Que conclure de tout ceci ? Que Pneumatit nous inonde d’un charabia pseudo-scientifique à grand renfort de sophismes et d’études sans valeur académique pour vendre une image de sérieux. Aucun esprit rationnel ne devrait adhérer à ce genre de discours, pourrait-on penser, d’autant que l’Association Française pour l’Information Scientifique l’avait dénoncé en février 2020. Et pourtant.
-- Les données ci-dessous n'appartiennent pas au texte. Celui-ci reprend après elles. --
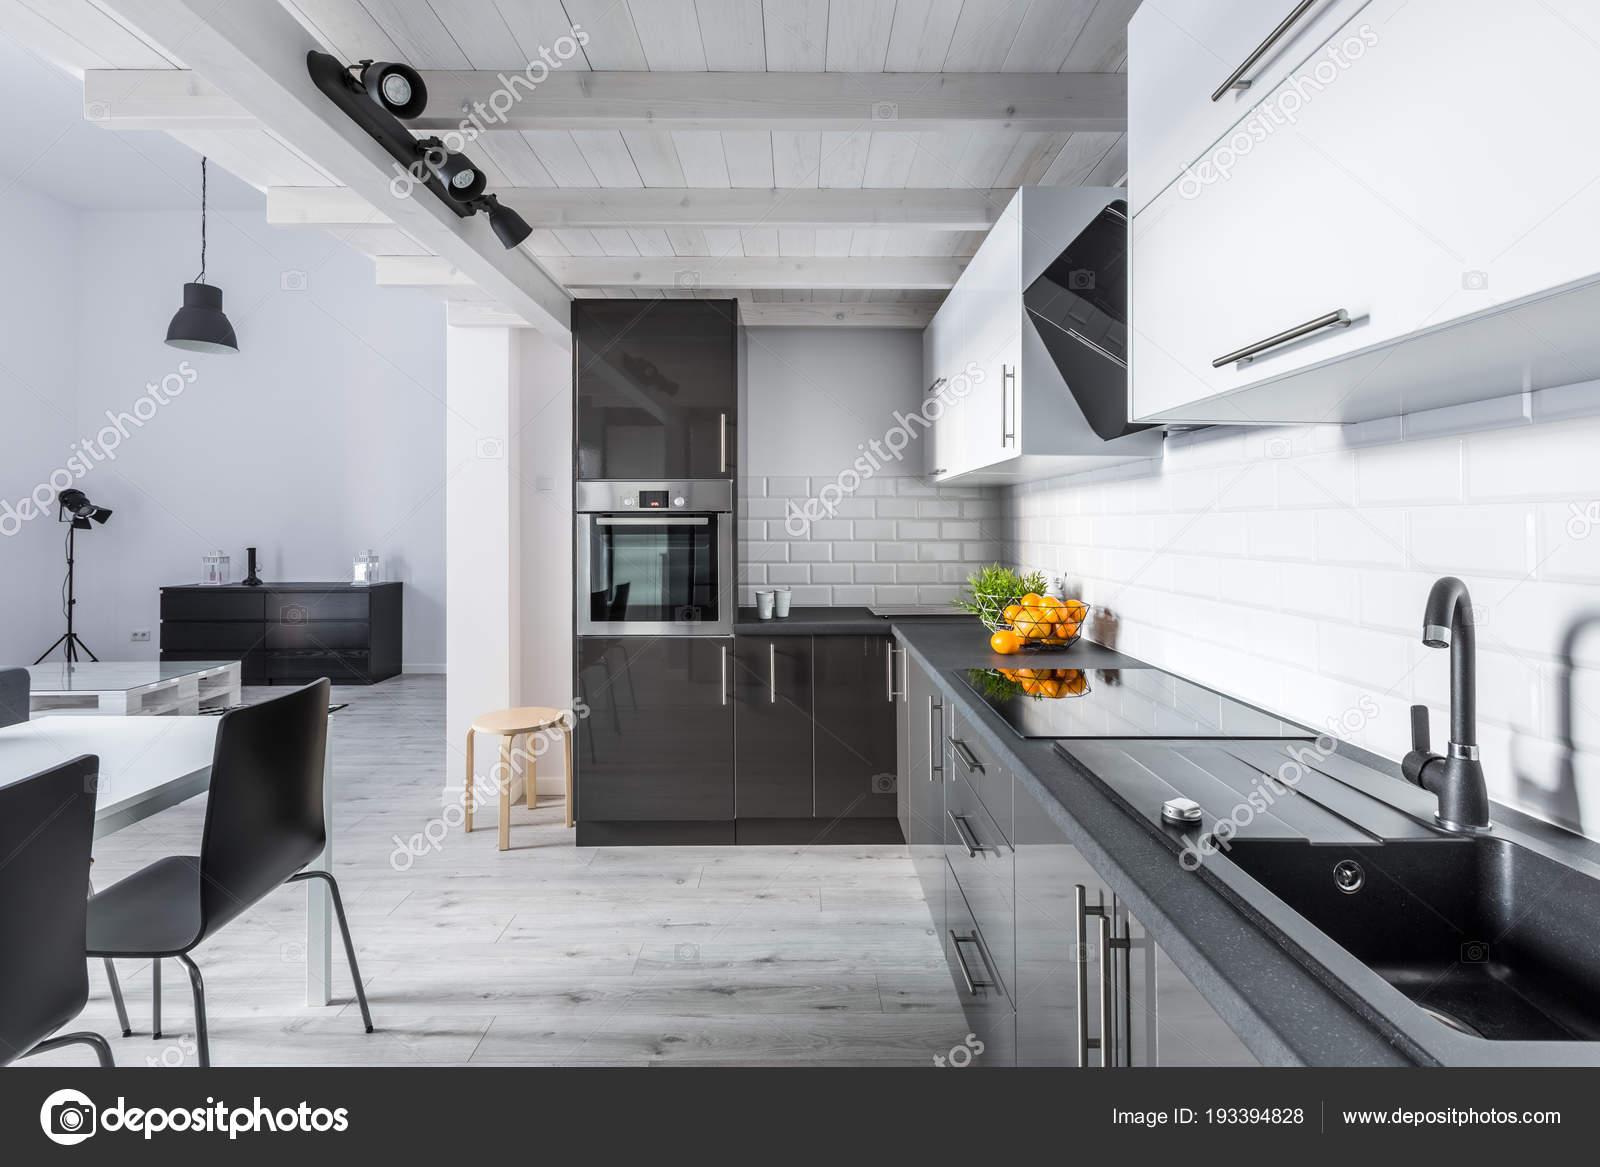 Cozinha Moderna Com Teto R Stico Stock Photo In4mal 193394828

Une simple recherche permet de trouver rapidement des entreprises du bâtiment vantant l’utilisation du Pneumatit® comme Sacac en Suisse, Technochape, Alentour et en France. Même la presse lui consacre des papiers positifs bien que prudemment retranchés derrière l’emploi du conditionnel. Ainsi, cet article de Ouest-France du 20 juillet 2018 vantant un « béton réconfortant » aux « bienfaits sur la physiologie humaine » :
Ou encore celui de Dernières Nouvelles d’Alsace titrant le 18 août 2017 que « Le bouche-à-oreille fait son effet » et de L’Alsace du 2 août 2017 sur comment « La biodynamie s’invite dans le béton ». Cette publicité ne surprend guère quand on constate que la plupart des constructions utilisant le Pneumatit® en France se situent précisément en Alsace et en Bretagne. En outre, un nombre important de ces chantiers de construction concernent des éoliennes…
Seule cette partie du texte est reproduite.